Following due diligence, the value of the IP must be ascertained to determine whether it will be a good basis for providing security. Factors relevant to the value of any particular IP right will include the type of right, its strength, the number and value of similar products on the market, the cost of maintaining and policing the right, and the potential to license or sell the right to others in the market. These factors will need to be flushed out for key IP rights as part of the due diligence process. It is worth remembering that a considerable gap often exists between the value of IP assets examined for a collateralisation or internal evaluation and the value of IP assets if they have to be sold or licensed.
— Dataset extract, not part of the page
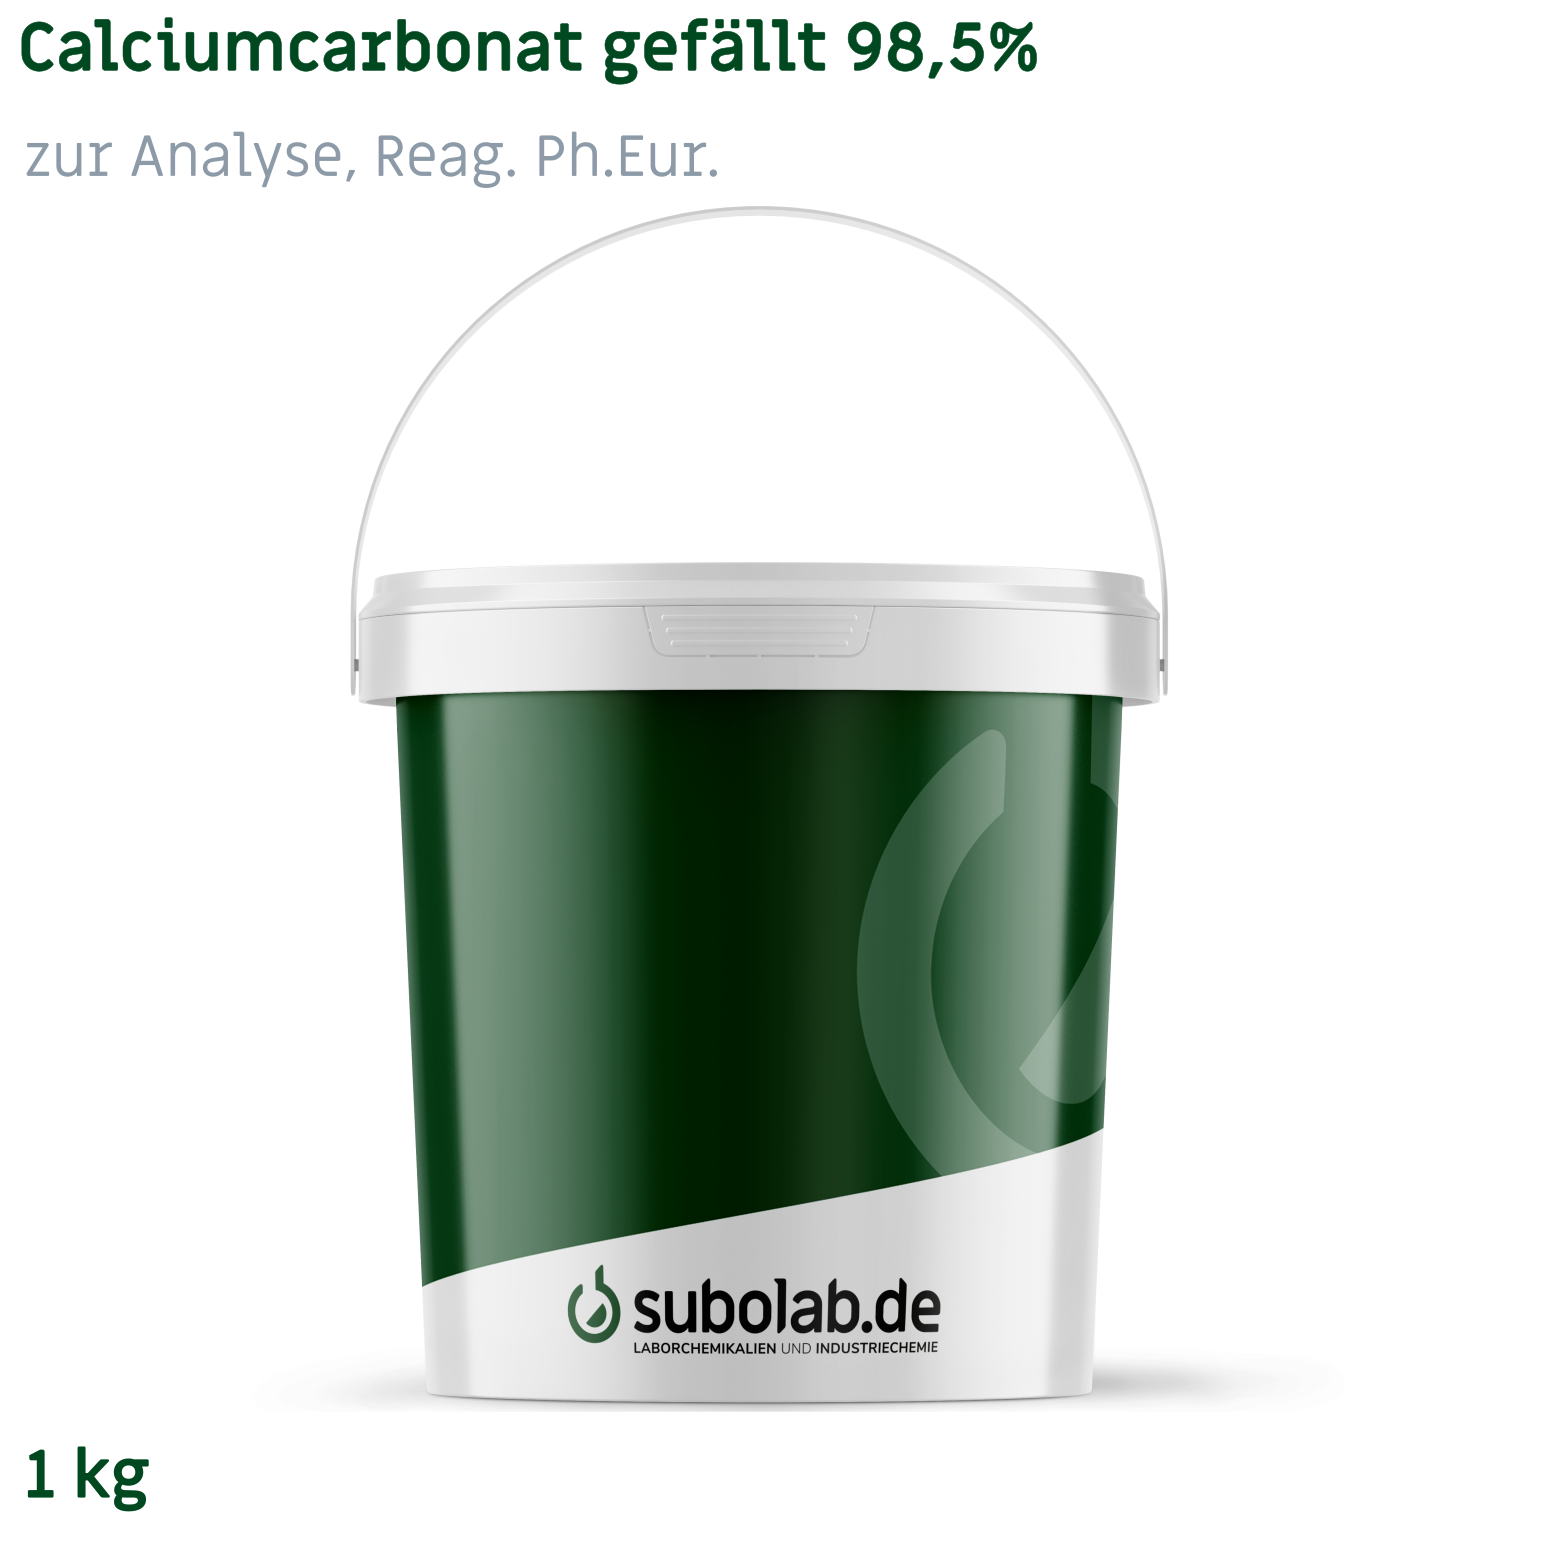 Bild von Calciumcarbonat gefällt 98,5% zur Analyse, Reag. Ph.Eur. (1 kg)
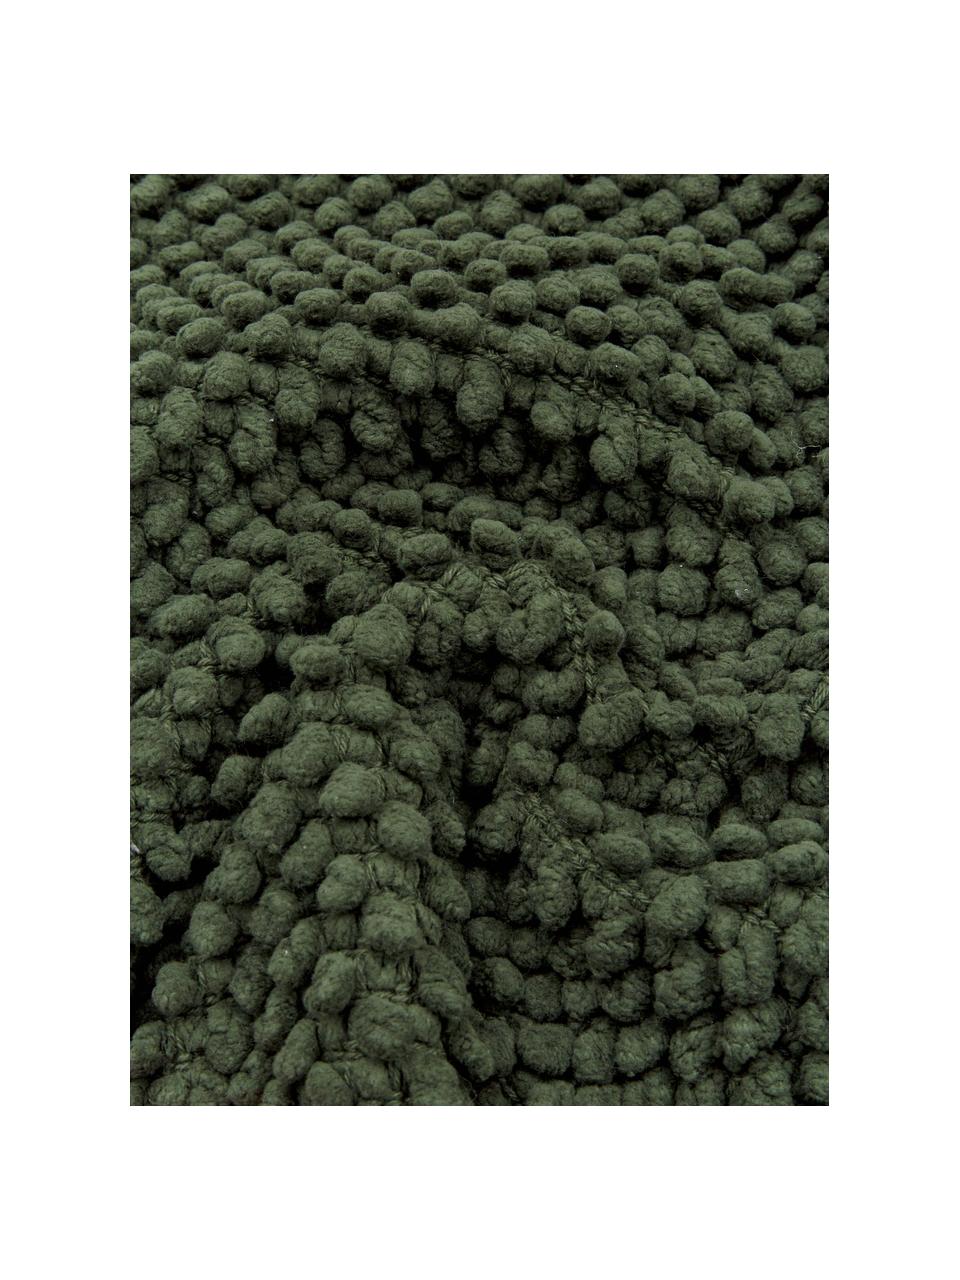 Kussenhoes Indi met gestructureerde oppervlak in donkergroen, 100% katoen, Donkergroen, 45 x 45 cm

Drafting the security documents

The documents required and their scope will depend on the type of security being granted and the type and value of the IP rights in question. The lender will usually want the borrower to give various warranties and representations about the IP being secured, including around ownership, validity, infringement, and renewals. These will be particularly important for unregistered rights against which fewer searches are possible. The borrower will want to resist certain warranties (such as that the IP rights are valid) or qualify them by knowledge. The scope of the warranties will be subject to negotiation and there might be disclosure against them in the normal way.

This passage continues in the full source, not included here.